+++ Records

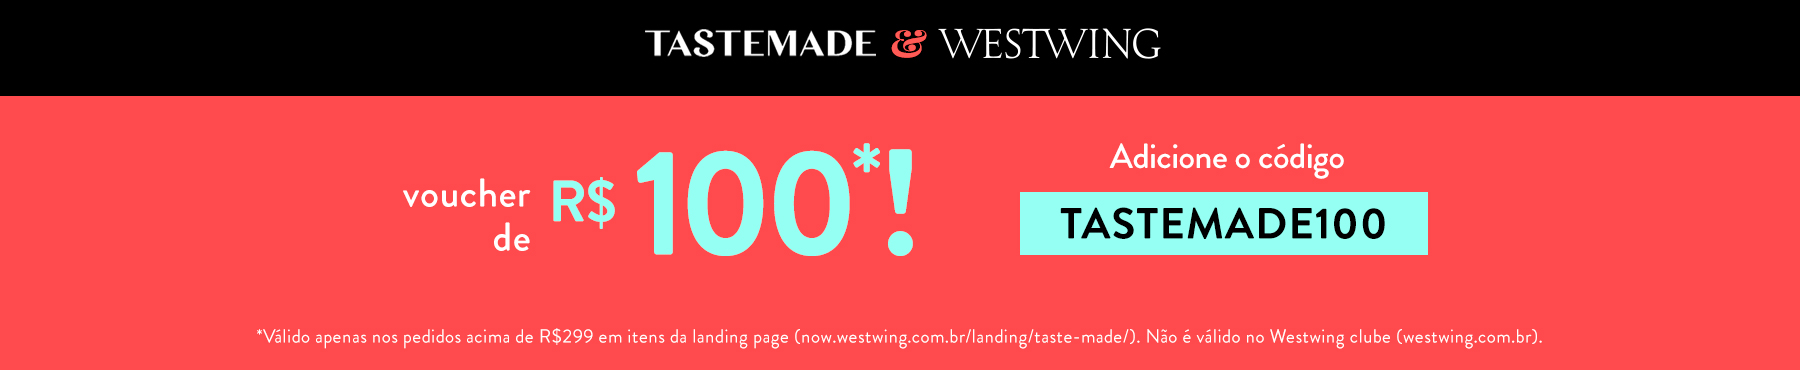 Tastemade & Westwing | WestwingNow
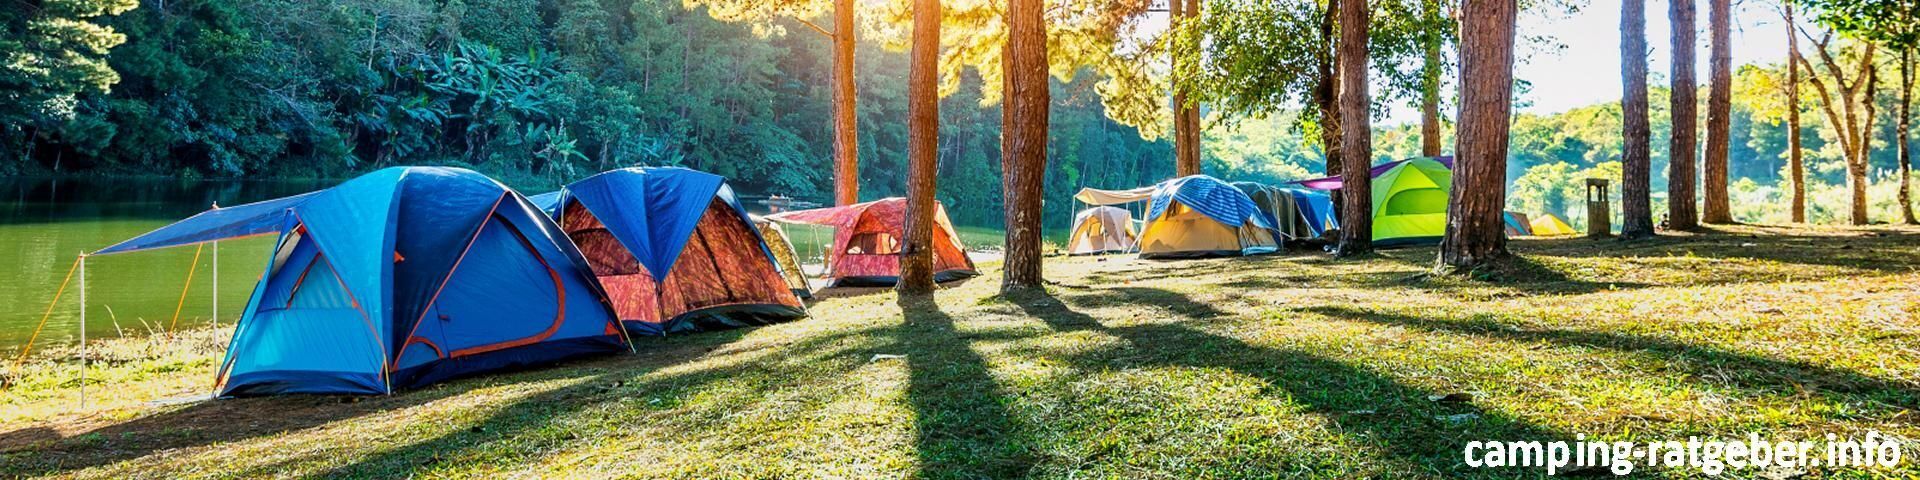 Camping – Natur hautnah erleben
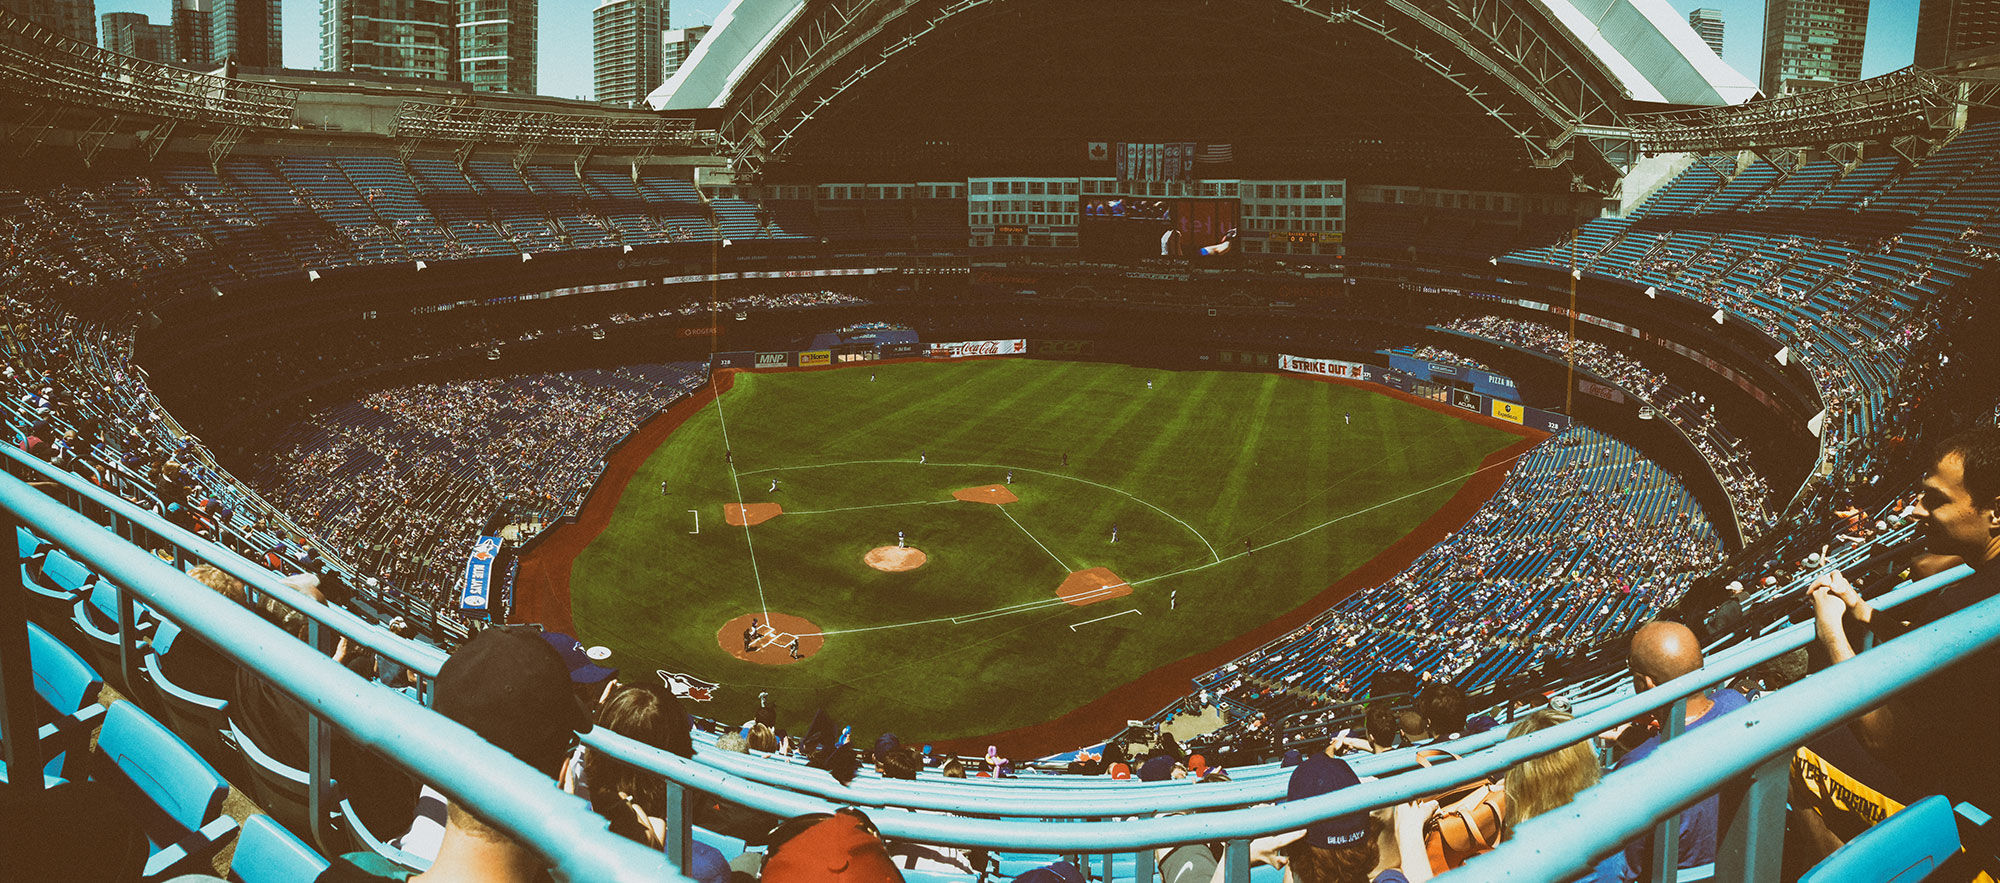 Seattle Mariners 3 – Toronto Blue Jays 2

++++++
+++ Records

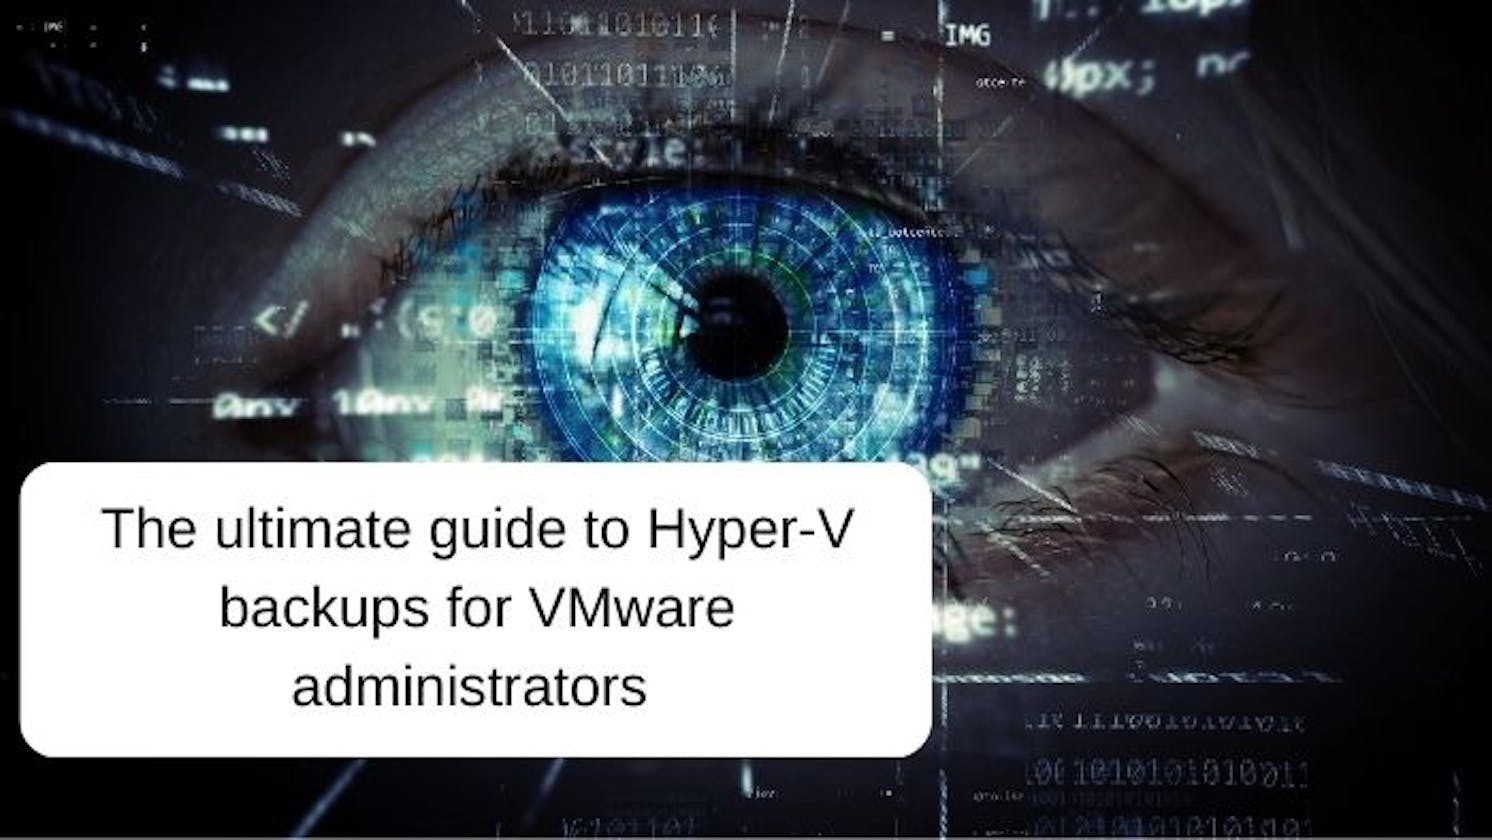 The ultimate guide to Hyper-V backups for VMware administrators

++++++
+++ Records

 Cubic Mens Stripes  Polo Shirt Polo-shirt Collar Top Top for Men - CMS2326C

++++++

--- Task instructions ---
Go to the line above holding "Tastemade & Westwing | WestwingNow", then copy exactly each line down to and including the one holding "Seattle Mariners 3 – Toronto Blue Jays 2", leaving pictures out.

--- Written solution ---
 Tastemade & Westwing | WestwingNow
 Camping – Natur hautnah erleben
 Seattle Mariners 3 – Toronto Blue Jays 2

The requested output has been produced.